Na verdade, ambos os catecismos começam de maneira apropriada. O Heidelberg começa com graça. O Westminster começa com a glória. Seria muito difícil pensar em duas palavras para descrever melhor o tema da revelação bíblica.

A primeira pergunta do Heidelberg é tão impactante por causa da palavra “único”. Se a pergunta fosse “o que conforta” você, essa seria uma pergunta gentil, mas pouco estimulante. Confortam-me coisas como o sono, biscoitos de chocolate, um bom livro e a música da banda The Mission. Mas quando o Catecismo pergunta qual é o seu único conforto, ele está visando a algo mais profundo. “Conforto” é a tradução da palavra alemã trost, que foi, por sua vez, traduzida como consolatio na primeira versão oficial latina. Trost está relacionado à palavra em inglês “confiança” e tem o significado da raiz de “certeza” ou “proteção”. Heidelberg está perguntando: “Qual é o seu consolo na vida? Qual é a sua única segurança real?”. A primeira pergunta do Heidelberg não só define o tema de todo o Catecismo (ver P/R 2, 52, 53, 57, 58), mas também coloca a questão mais importante que nós jamais enfrentaremos. O que permite que você suporte a vida e enfrente a morte sem medo? Seria o fato de você ler a Bíblia todos os dias? Seria o fato de você ir à igreja todos os domingos? Sua contribuição para os pobres? Ou a sua conta de poupança polpuda para a aposentadoria? Ou que você nunca cometeu qualquer um dos grandes pecados na vida?

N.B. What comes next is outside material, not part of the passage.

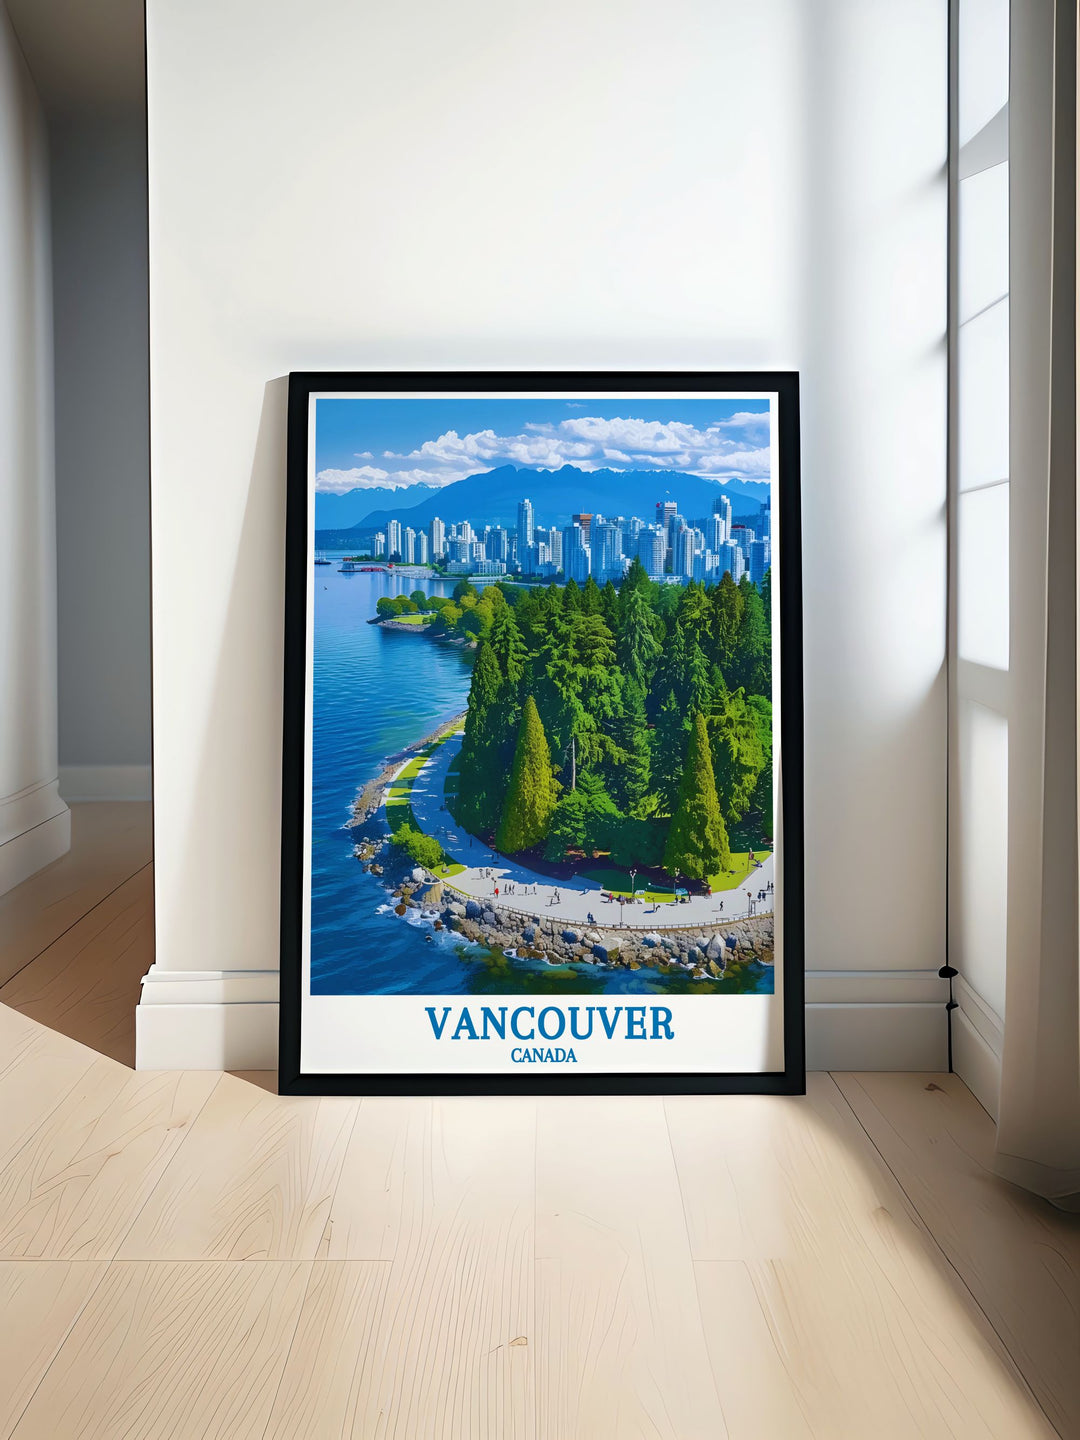 Enhance your home with the beauty of Stanley Parks diverse attractions. This detailed artwork captures the scenic Seawall, Vancouver Aquarium, and lush greenery, offering a dynamic and vibrant touch to your decor, perfect for travel and nature enthusiasts.

Vivemos num mundo em que esperamos encontrar conforto em bens, orgulho, poder e posição. Mas o Catecismo nos ensina que o nosso único conforto verdadeiro vem do fato de que nós nem sequer pertencemos a nós mesmos. Isso é extremamente contracultural e contraintuitivo. Podemos su­portar sofrimento e decepção na vida e enfrentar a morte e a vida por vir, sem medo de julgamento, não por causa do que fizemos ou o que nós temos ou de quem somos, mas pelo que não possuímos, ou seja, a nós mesmos.

A ênfase de Heidelberg no pertencer a Cristo é, provavelmente, herança de João Calvino. Algumas pessoas têm a impressão de que João Calvino era um homem dogmático, rígido e árido, mas na verdade, ele tinha um coração profundamente fascinado por Deus. Escute a batida do coração apaixonado de Calvino nesta passagem, que encontra eco no Catecismo de Heidelberg: “Nós não somos de nós mesmos: não deixemos, portanto, que a nossa razão nem a nossa vontade influenciem os nossos planos e ações. Nós não nos pertencemos: não vamos, portanto, definir como nosso objetivo a busca do que é conveniente para nós segundo a carne. Nós não somos de nós mesmos: na medida em que pudermos, vamos, portanto, esquecer de nós mesmos e de tudo o que é nosso. Por outro lado, pertencemos a Deus: vamos, portanto, viver para ele e morrer para ele. Somos de Deus: deixemos que a sabedoria e vontade dele, portanto, domine todas as nossas ações. Somos de Deus: façamos com que todas as partes da nossa vida conformemente se esforcem na direção dele como o nosso único objetivo legítimo”.[1]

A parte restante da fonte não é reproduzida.